Whether Americans felt like picking up a new hobby or trying something they’d always wanted to do but never had time for, the COVID shutdown certainly played a role. Across the board, interest in outdoor sports and recreation skyrocketed in 2020. Vista Outdoors says their outdoor brands have seen 25% growth or better since last year–and the publicly-traded company’s shares are up 385%.
The hunting boom means more fees for conservation. Thanks to a 1937 federal law, states are required to use hunting license revenues for wildlife restoration and protection. The same act implemented an 11% tax on gun and ammunition sales toward conservation, followed later by similar law taxing fishing gear.
“It’s difficult to license birdwatchers or hikers and so forth in the same way that hunting and fishing can be regulated,” birdwatcher Neal Deunk told NPR in a 2018 piece about the future of conservation funding.
Most hunters would agree.
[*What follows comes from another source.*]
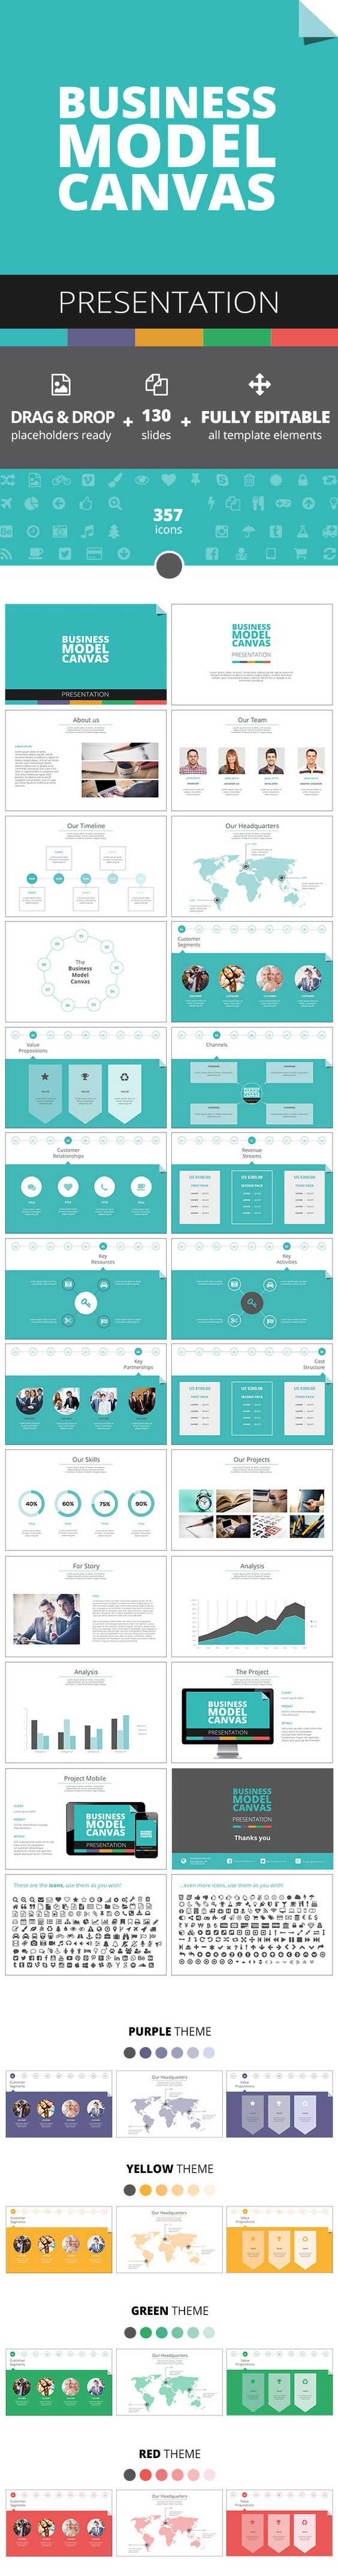 Business Model Canvas Presentation Download: http://graphicriver.net/item/business-model-canvas-presentation/11008321?ref=ksioks

Hunting is a uniquely American tradition and an essential piece of our public lands story. In the Old World, hunting was a hobby for the rich, a game for landowners and men of leisure. Robin Hood was an English folk hero for killing “the King’s deer” with his bow and arrow to feed the poor. Theodore Roosevelt, one of the early fathers of the conservation movement, believed it essential to the spirit of America that hunting should be accessible to all, not merely wealthy property owners. He believed in a model of “conservation through wise use.”
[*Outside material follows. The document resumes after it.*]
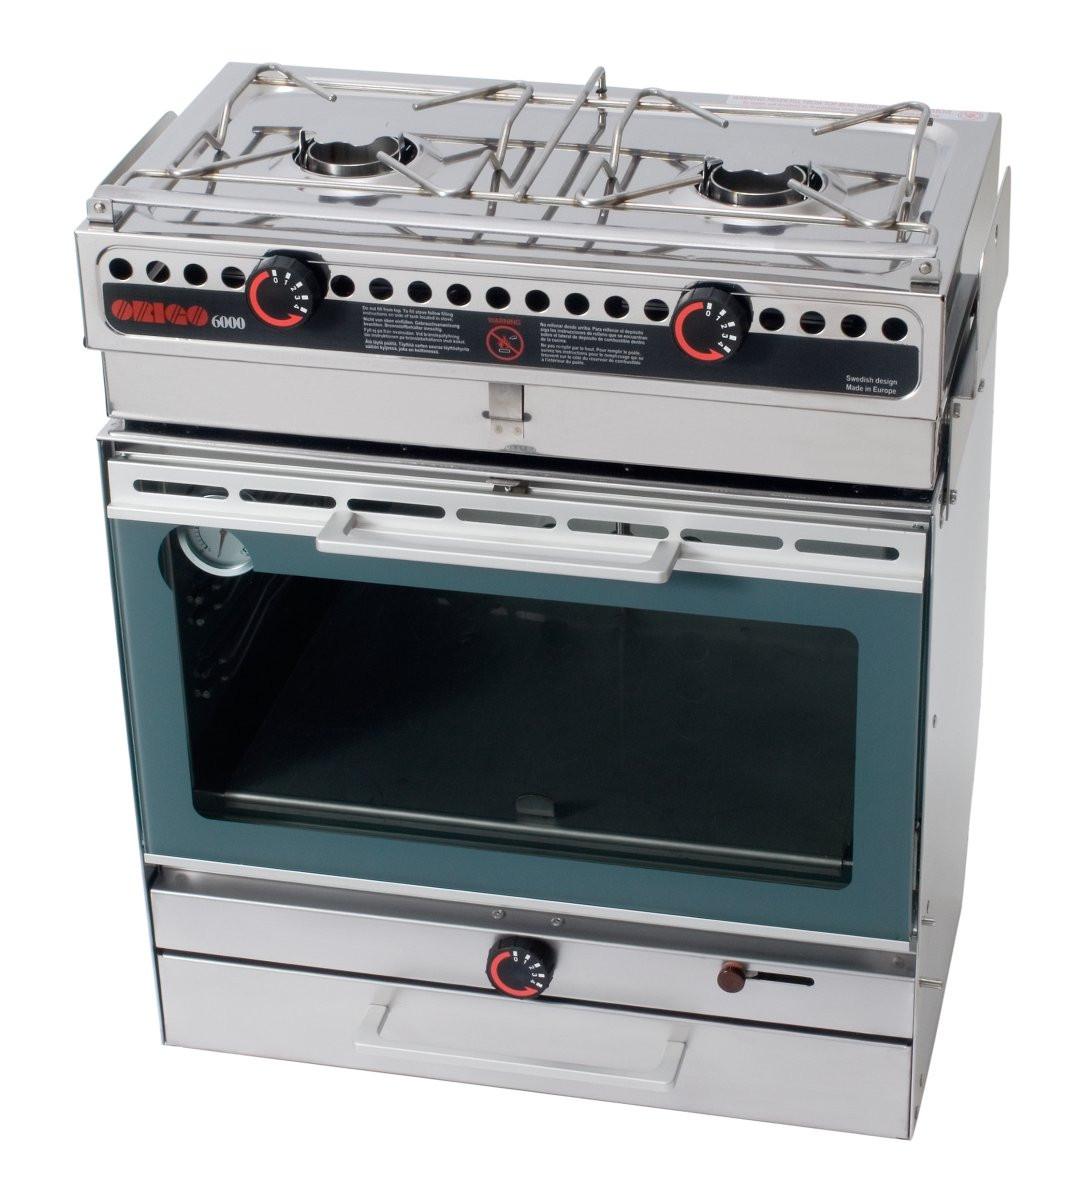 Dometic Origo 6000 Meths Marine Oven Stove

“In a civilized and cultivated country wild animals only continue to exist at all when preserved by sportsmen. The excellent people who protest against all hunting, and consider sportsmen as enemies of wildlife, are ignorant of the fact that in reality the genuine sportsman is by all odds the most important factor in keeping the larger and more valuable wild creatures from total extermination.”
Theodore Roosevelt
For many sportsmen, hunting is not just a pastime. It’s an ancient tradition that ties them to the land in a manner more profound than hiking or recreational sports. While hunters might dream of less competition and more wild spaces, those dedicated to the future of their sport understand the importance of outreach in communities outside traditional hunting demographics and new generations.
“Through almost all of human existence, huntable land and huntable wildlife have preceded the hunter. They caused the hunter. But in the future this must be reversed. It is the hunter who must cause huntable land and wildlife, and a world worth being young in.”